The state of Washington has voted for a ballot measure that supports doctor-assisted suicide. Here is the description of the measure, according to the CNN link on it.
"This measure would allow terminally ill, competent, adult residents of the state to request and self-administer lethal medication prescribed by a physician. The person requesting to end his or her life must be medically predicted to have six months or less to live."
A similar law has been on the books in Oregon for some time (Oregon's "Death With Dignity Act"). I refered to it on two papers I wrote in college on physician-assisted suicide. I got A's on those papers.
My main worry with these laws is making sure the lines are stayed within. They need to verify that the patient is competent and willing - as opposed to pressured by family or others with greedy motives.
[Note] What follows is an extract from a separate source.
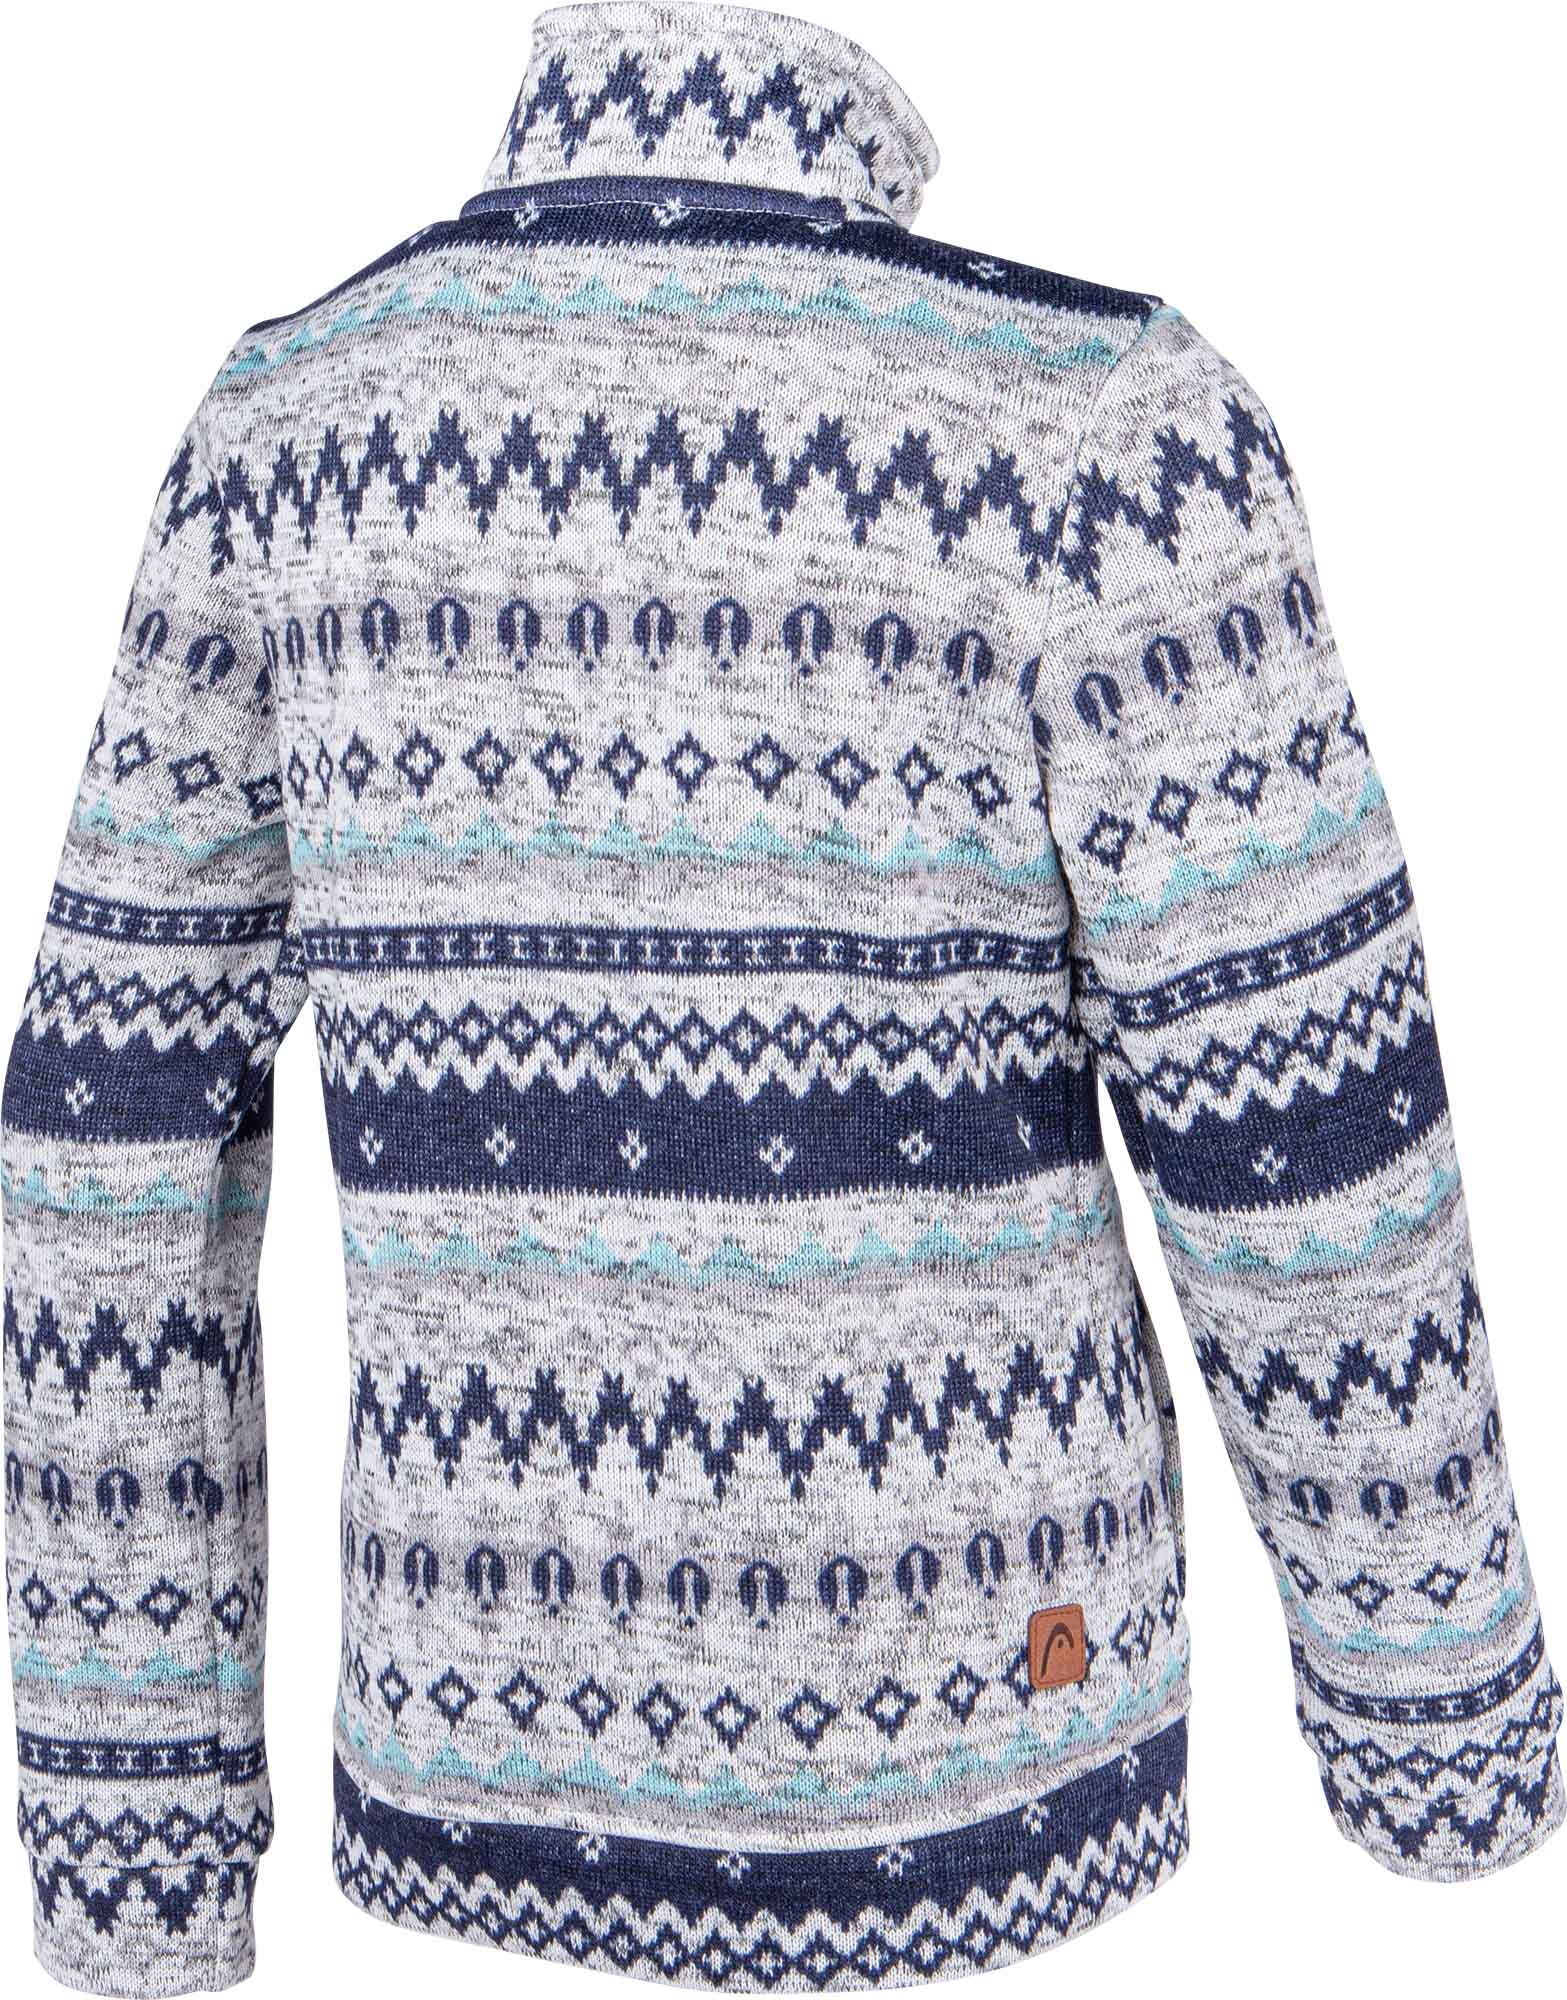 Children's fleece sweatshirt

In my readings of critiques, an author said that it was "an illusion of control" that these guidelines could be followed. Could that be true? It would mean patients are pressured into choosing suicide, or patients who are less severe than "terminal, six months" might be given the go-ahead. A breach. Not good.
But assuming the guidelines can be followed with reasonably verifiable and high-enough rates of accuracy (and risk of error is ALWAYS there, ask any scientist), then I feel it's acceptable. I am sensitive to qualms of others though. On an episode of House, House said there's "no such thing" as death with dignity: "You can live with dignity, you can't die with it". Is that true? It's easy to say "no" when the comparison is stark: endless living pain/shitting your pants versus quick peaceful death in a time of one's choosing. But I understand not all conditions are that clear cut.
What's very troublesome, and perhaps unfair, is that I think family members can be blamed for a medically ill loved one's suicidal desire. It's like the family's "not trying hard enough" to make the person want to live. Make the person want to live? That's a dubious concept for a number of reasons.
I wonder how often family members are treated as murderers for simply letting their loved one take their own life?
I guess there's some merit to these suspicions. Possibly if family members don't try hard enough, their sick loved one feels worse than is expected by the disease alone. But first off, onlookers aren't necessarilly qualified too know what defines the true extent of "trying hard enough", and even if they can make some guess, do they have claim to blame them for their loved one's suicide (as opposed to homicide).
We're all expected to "save" people from committing suicide. I'm willing to concede that this motive is at least justified to some extent. The hope of right-to-die advocates is that a line can be drawn for those who are terminally ill, with no cure or relief to look forword to, and who are of sound enough mind to make their own decision, AND who are verified (by independent interviewers) to be sufficiently uninfluenced by others in making their choice for ending their life. That's 4 prerequisites (count 'em). It sounds good to me, and I hope that these rules can be properly followed.
If the freedom to choose one's death can be allowed at all, this would be a remarkable enlightenment and muturity of the human conscience of our society, in terms of allowing individuals freedom to choose their destinities, free from the complaints of others, family included. If such freedom for the individual can be allowed, I feel an extra surge of hope for our relationship with our society.